_Work instructions_: The pictures in the listing below are to be skipped, while the lines between the line holding "SERGIO-OLIVEIRA---16-03-16" and the line holding "fabric sofas harvey norman ireland", inclusive, are to be output exactly.

_Records for this exercise_:
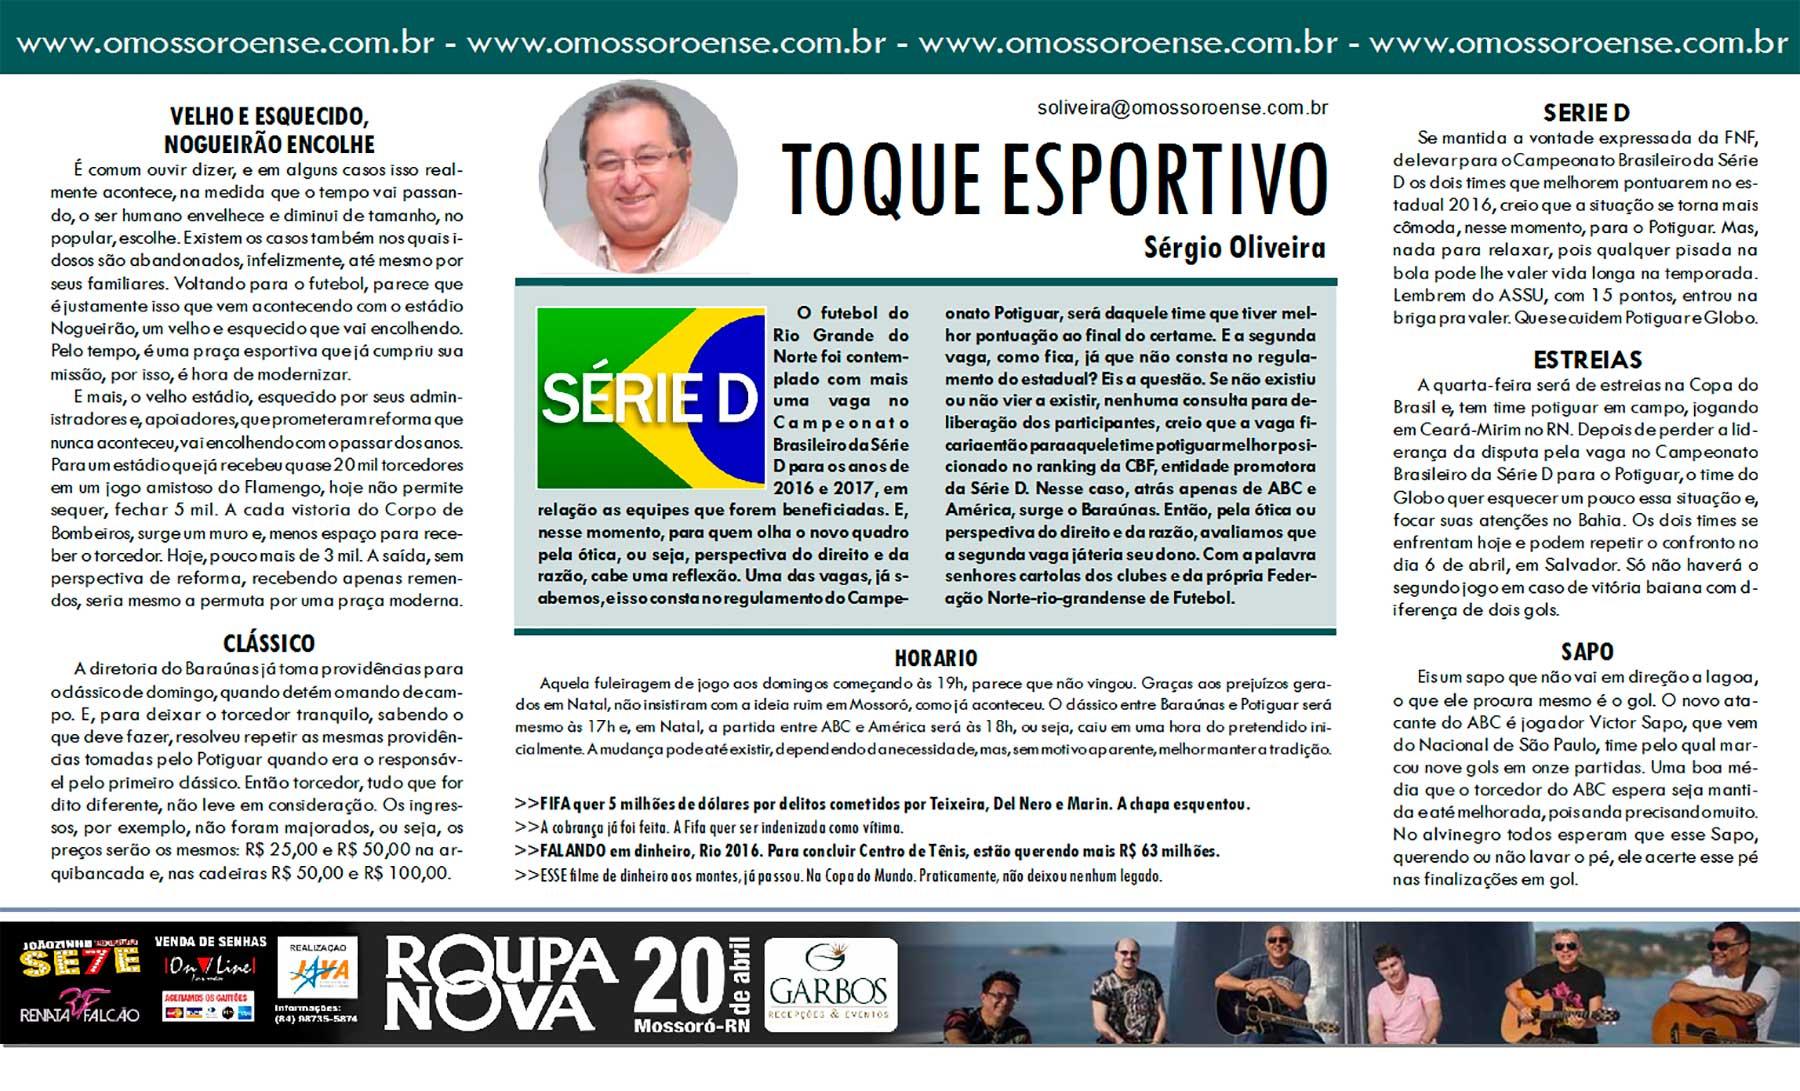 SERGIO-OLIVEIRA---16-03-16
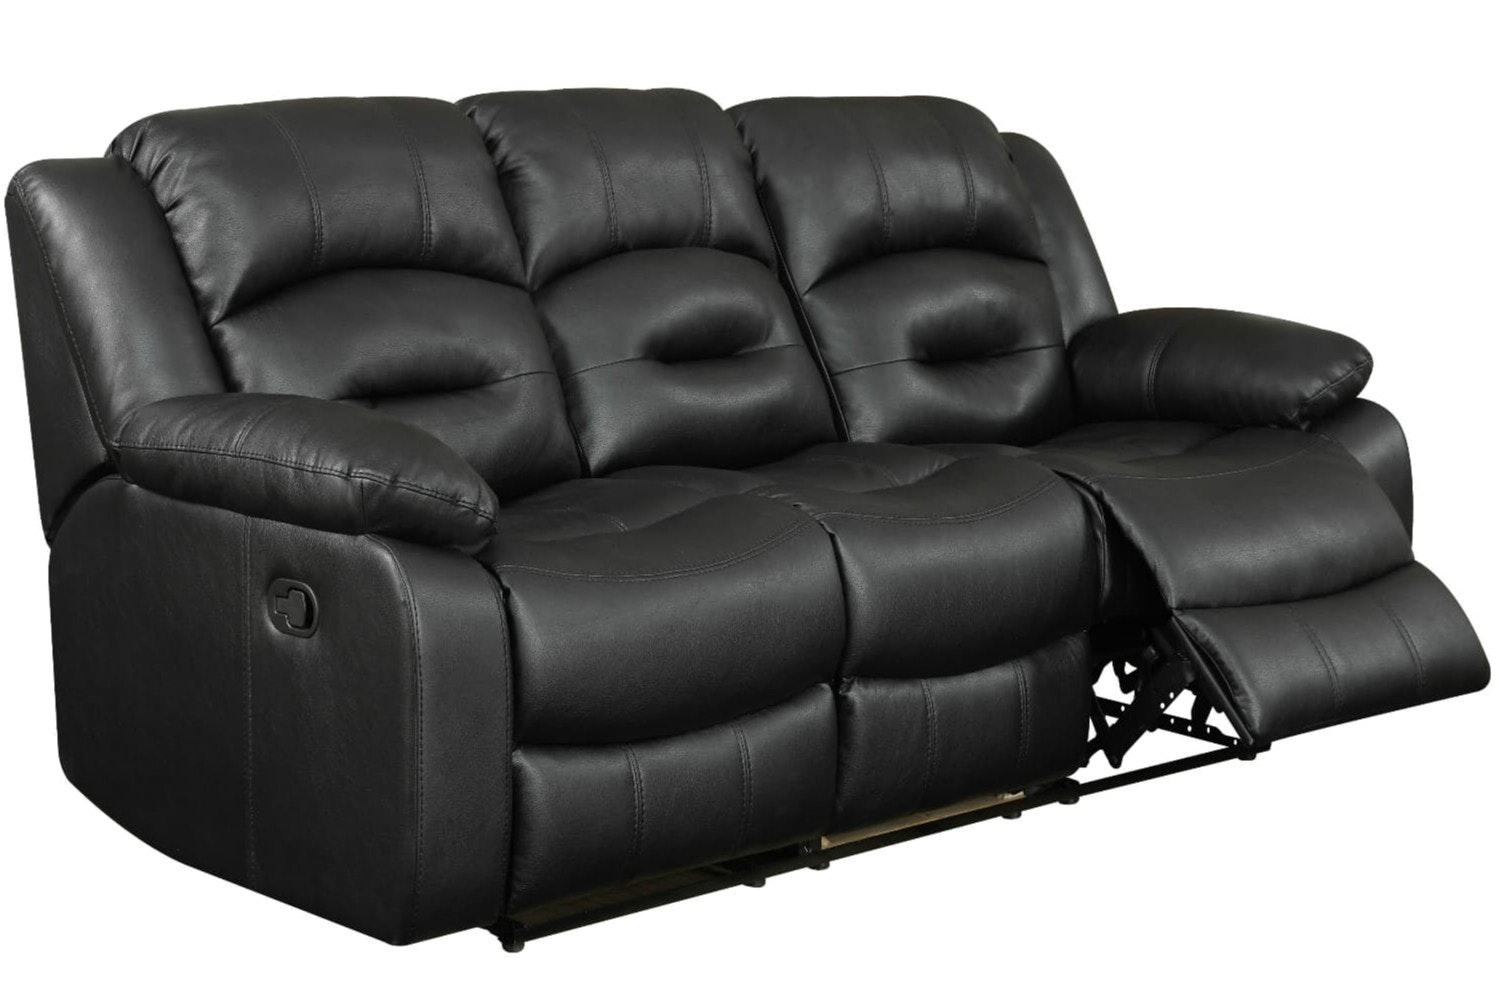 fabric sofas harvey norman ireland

* * *

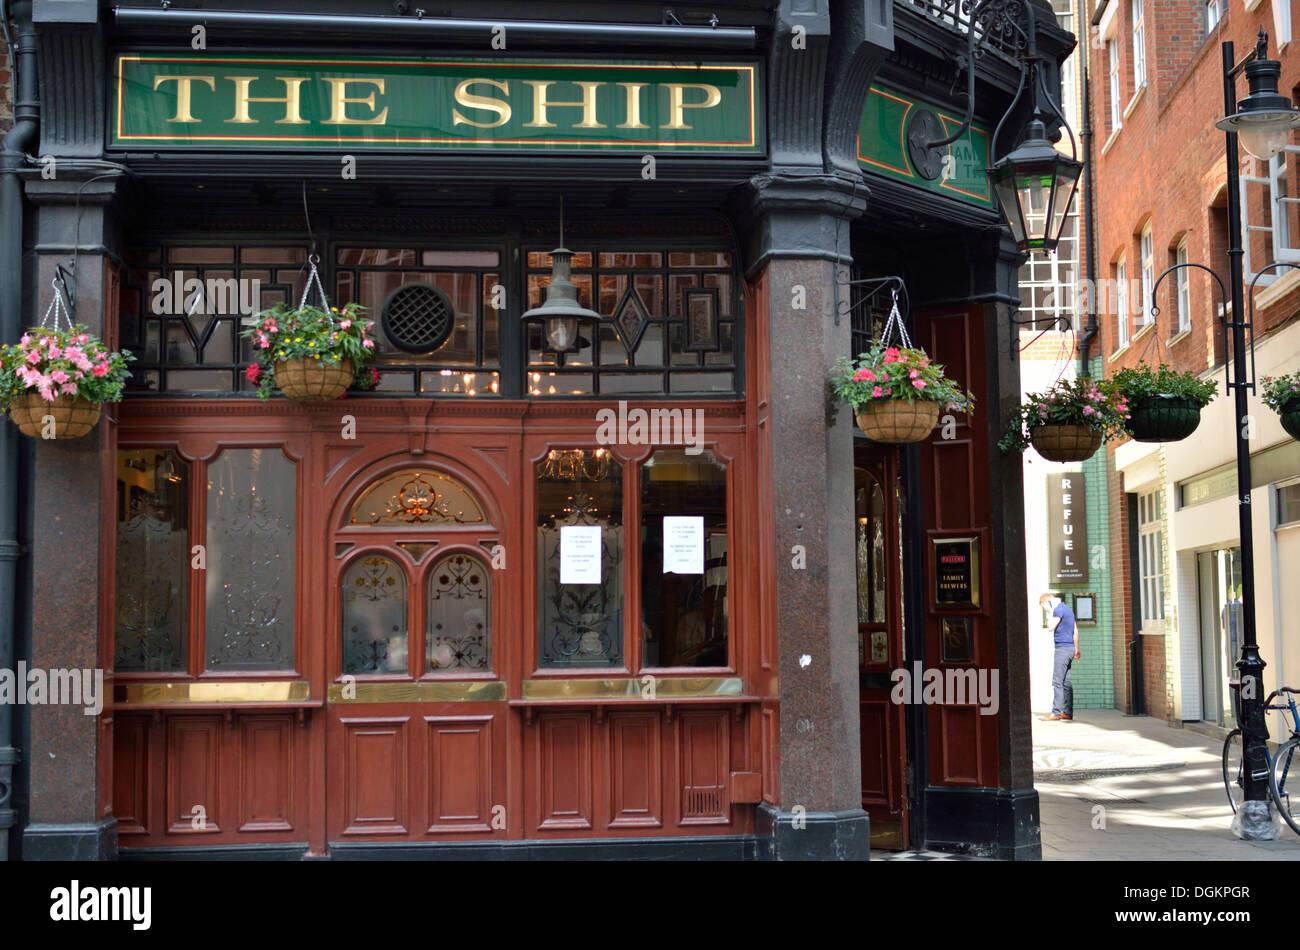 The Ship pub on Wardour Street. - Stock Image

_Solution to this task_:
 SERGIO-OLIVEIRA---16-03-16
 fabric sofas harvey norman ireland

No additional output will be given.